Kallat is one of the most prominent contemporary artists in India. He has had several international solo exhibitions, including a recent one at the Philadelphia Museum of Art, and was the curator of the 2014 Kochi-Muziris Biennale. The exhibition at NGMA, curated by Catherine David, showcases more than a 100 works from a career spanning 25 years. It offers the viewer a glimpse into the wide range of media that the 43-year-old has straddled and some of his recurrent concerns as an artist. The effect the city of Mumbai has on its inhabitants is one such enduring concern in Kallat’s oeuvre. While he has created several grand works revolving around the city, only a few offer a new perspective on the over-represented megalopolis. One such powerful work is ‘Ecto’ (2005), a sculpture made of black lead that depicts a naked boy holding the spout of a kettle to his mouth. He strikes a pose that is at once innocent and menacing. One moment he deserves our sympathy for the thirst he tries to quench and the next he stirs up horror as his act resembles a sexual one. In material terms too, the smoothness of the black lead appears inviting to one’s touch but at the same time the prospect of being smeared on feels repulsive, making the seemingly simple sculpture enigmatic in form and content.

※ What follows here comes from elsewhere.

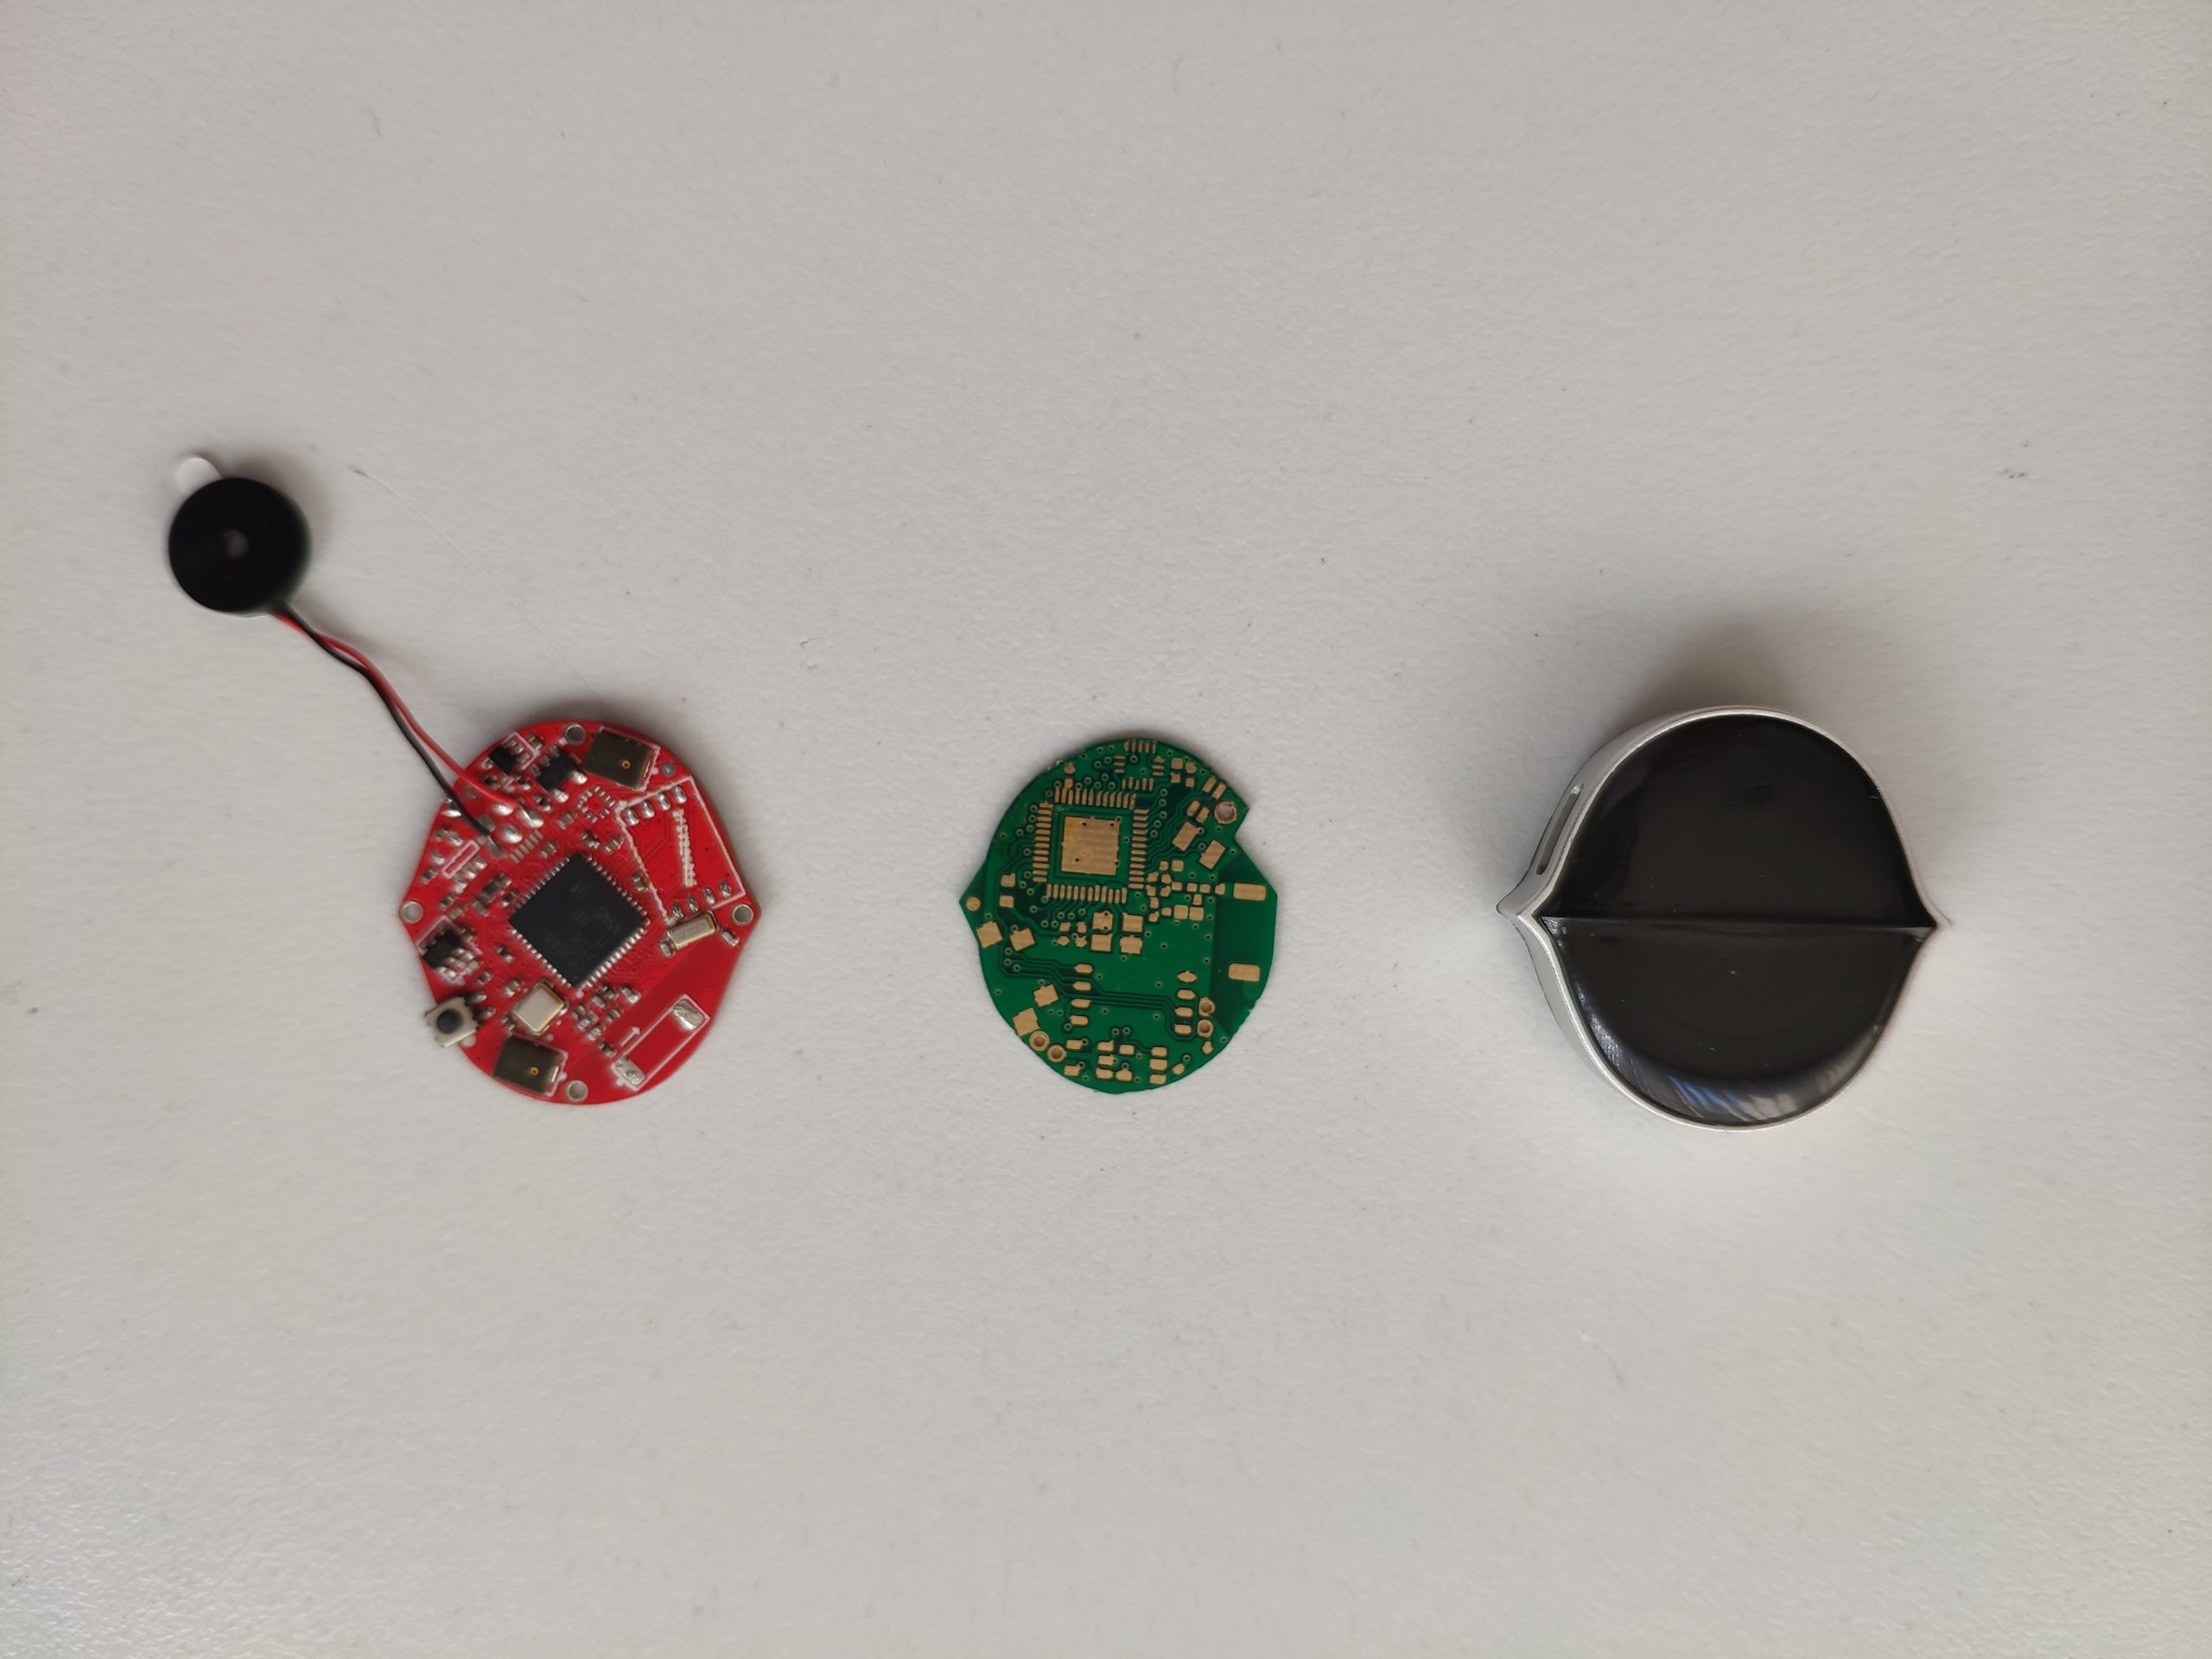 Отладочный прототип, версия близкая к варианту для масс-продакшн

Apart from urbanisation and the relation between the cosmos and the everyday, Kallat has also looked towards history as a source of inspiration. In his intervention ‘Public Notice 3’ (2010), he spelled out a speech by Swami Vivekananda using LED lights on the risers of the grand staircase at the Art Institute of Chicago. The speech was Vivekananda’s plea against fundamentalism and bigotry to the 1893 World Parliament of Religions in Chicago, and the colours of the LED lights were the ones US Homeland Security uses as codes to denote levels of threat. While the work feels all the more relevant today, at the NGMA it finds representation only as a photograph of the initial installation.

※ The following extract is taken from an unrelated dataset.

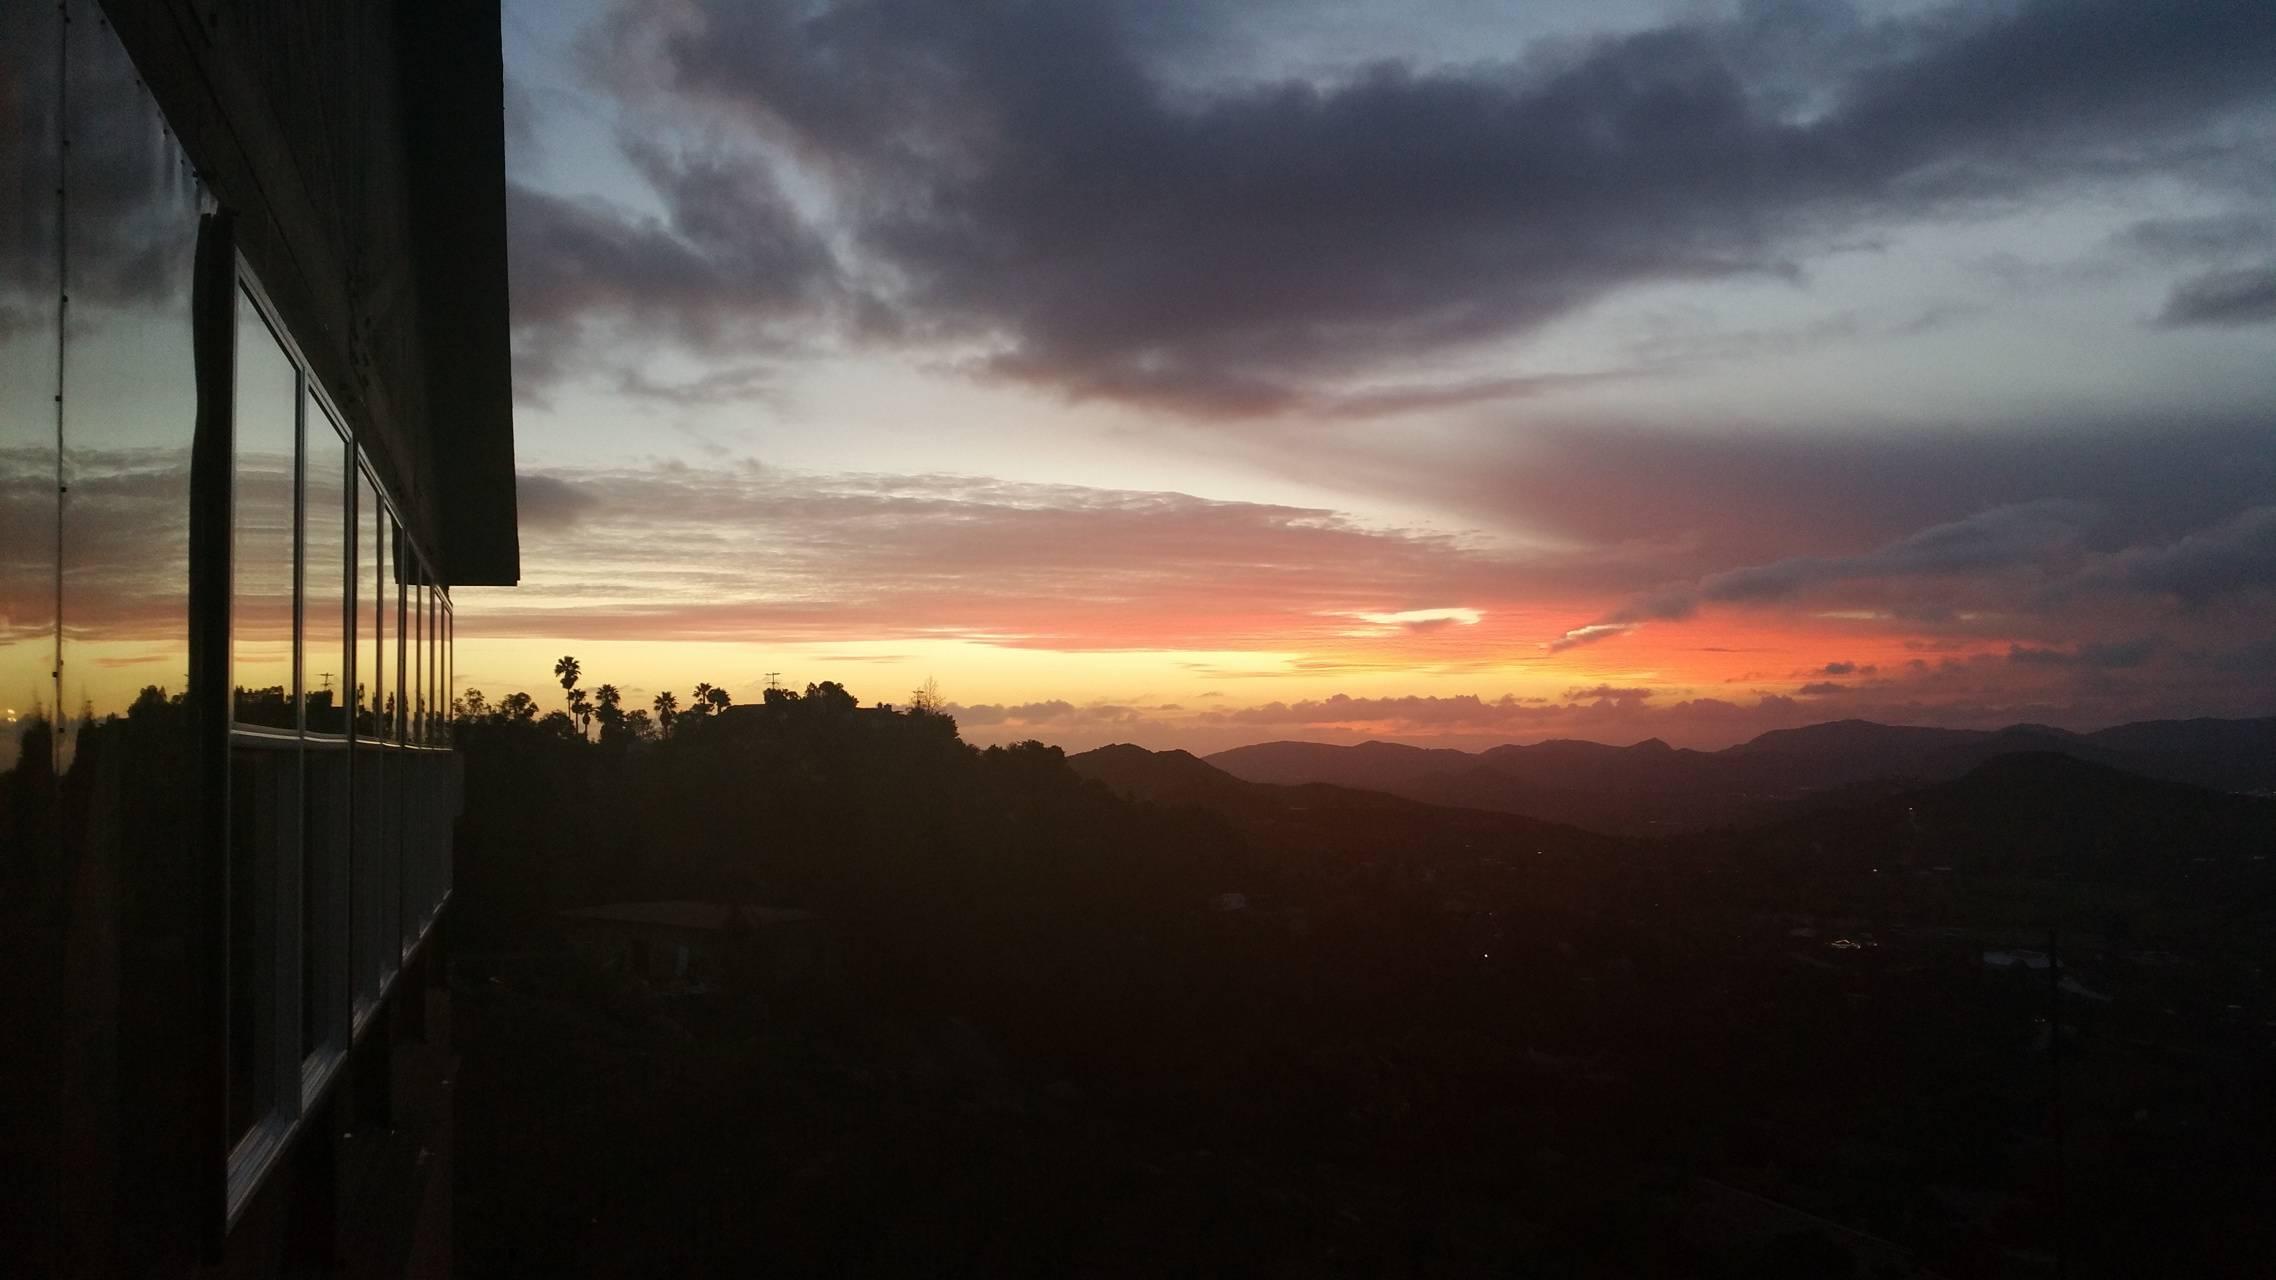 Sky dusk

One work that suffers because of its installation is ‘Covering Letter’ (2012), another plea against violence. The work consists of a dark space where a letter written by Mahatma Gandhi to Hitler on the eve of World War II is projected on cascading fog. At the India Art Fair 2013, it was displayed in a passage, making it necessary that you walk through it. And as you did so you experienced the anxiety of walking in darkness with strangers and wondering if the vapour will have any effect on you. The work is one of Kallat’s masterpieces because of the simplicity with which he manages to remind us of the horror of gas chambers. At the NGMA, ‘Covering Letter’ gets monumentalised in a large space, making it easier to read the text, but if you cross the fog you end up in a store room.

Here After Here reminds us that though Kallat’s oeuvre consists of several production-intensive, lofty works, it is his sleight-of-hand interventions, often playfully tucked in corridors, that leave a lasting impression.